The NSW “freedom day” has brought confusion and greater constraints to regional areas who were not affected by lockdowns. Some regional businesses are choosing to close or only serve takeaway so as to not discriminate against people who are not fully vaccinated.
Canberra is on track to become the most vaccinated city in the world, with almost the entire territory’s population expected to be fully vaccinated by November.
The world
The climate activist Greta Thunberg is “open” to meeting with Joe Biden at Cop26 in Glasgow but does not expect much from either the US leader or the make-or-break summit.
The ashes of a prominent German Holocaust denier have been buried in the gravesite of a Jewish-born musicologist in Berlin, in what the cemetery management say was a “terrible mistake”.
The EU will offer to remove a majority of post-Brexit checks on British goods entering Northern Ireland as it seeks to turn the page on the rancorous relationship with Boris Johnson.
Recommended reads
The rock’n’roll photographer Tony Mott has led the kind of life that for the rest of us seems like a surreal dream. Travelling with Paul McCartney. Partying with Queen. He has photographed everyone from Prince to Rihanna to Marianne Faithfull. Lockdown has offered many artists the rare chance to sort through archives. Mott has been digging through his negatives and giving new life to previously unseen photos, each with a story to tell: teenage Avril Lavigne beside a bullet train in Tokyo, whose management took the entourage out to dinner in a brothel; Stevie Nicks, who had the tendency to get lost, and mistook the gig venue for the gate lounge at an airport; and so many more.
In July last year a video of various objects being cut open went viral. Knives sliced into a Croc shoe, a pot plant, a roll of toilet paper, a pile of towels – all revealing spongy innards layered with icing. Increasingly elaborate cakes and decorative baking has become an online obsession, particularly for Donna Lu. “It is mesmerising to watch the labour people devote to something whose sole purpose is destruction, where the full value of the artistic work is not realised until it is taken apart,” she said.

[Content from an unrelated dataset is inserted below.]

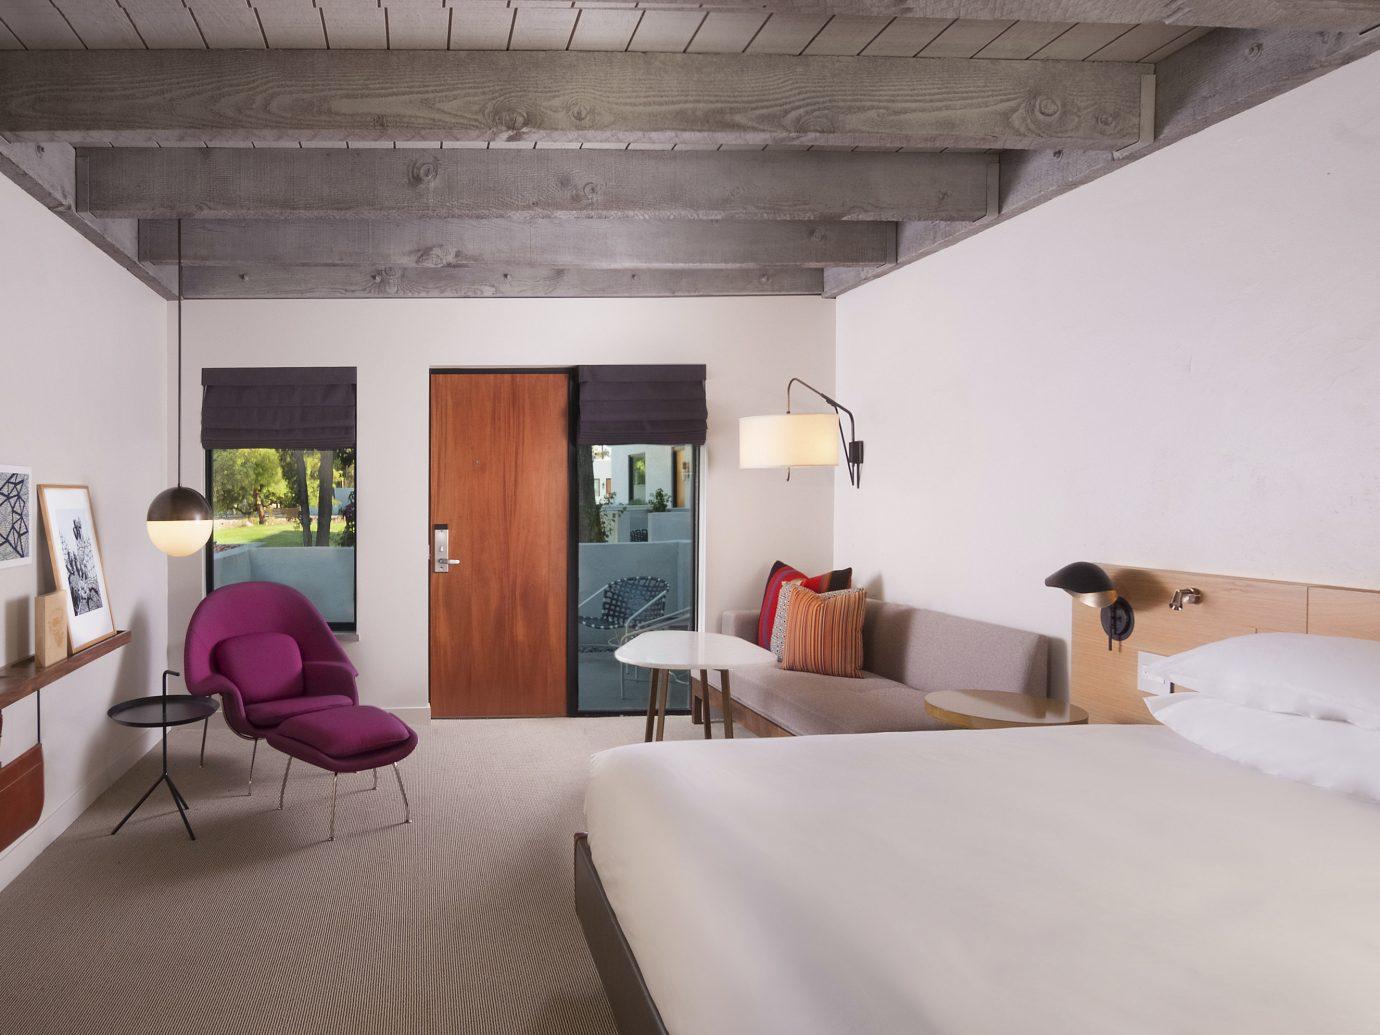 Trip Ideas indoor wall ceiling bed room floor property building Bedroom real estate estate interior design cottage Design Suite Villa loft apartment area furniture

New Gold Mountain captures the harsh beauty of Australian land but is narratively more interested in the consequences of capitalism’s compulsion to drain it of resources, writes Luke Buckmaster. The four-part SBS miniseries about the Chinese community in 1850s Ballarat gives a fresh, cinematic spin on history. “In a world of information overload, where there is tendency to assume every story worth telling has already been told, Corrie Chen’s series reminds us this is far from true: history and culture, as always, is a matter of perspective.”
Listen
As the world begins to move away from coal, with more countries vowing to be coal-free by 2030, Australia stands in stark contrast. The federal environment minister, Sussan Ley, has just approved four new coal projects in one month. In this episode of Full Story, Laura Murphy-Oates speaks to the barrister Chris McGrath and Guardian Australia environment reporter Lisa Cox about how and why these coal projects were approved – and the future of Australia’s relationship with coal.
Full Story is Guardian Australia’s daily news podcast. Subscribe for free on Apple Podcasts, Spotify or any other podcasting app.
Sport
The Socceroos have lost to Japan 1-2 in the 2022 World Cup qualifier, bringing their 11-match winning streak to an end. “We’re devastated. We did drop three points here. If we’d come off with a 1-1 draw you’d have accepted it,” said goalscorer Ajdin Hrustic. “We’re going to close this chapter now. We’re going to keep going. I’m 100% sure we’ll finish on top if we keep playing the way we’re playing.”
Media roundup
Liberal defector Dan Cregan has been installed as South Australia’s Speaker in a late-night coup just four days after he quit to become an independent, report the Advertiser. The Herald Sun says Melbourne’s Royal Children’s hospital has isolated the neonatal intensive care unit after an unknowingly infected parent visited the site.
Coming up
A Senate inquiry into job security will hold a hearing.
The IMF will release the latest world economic outlook.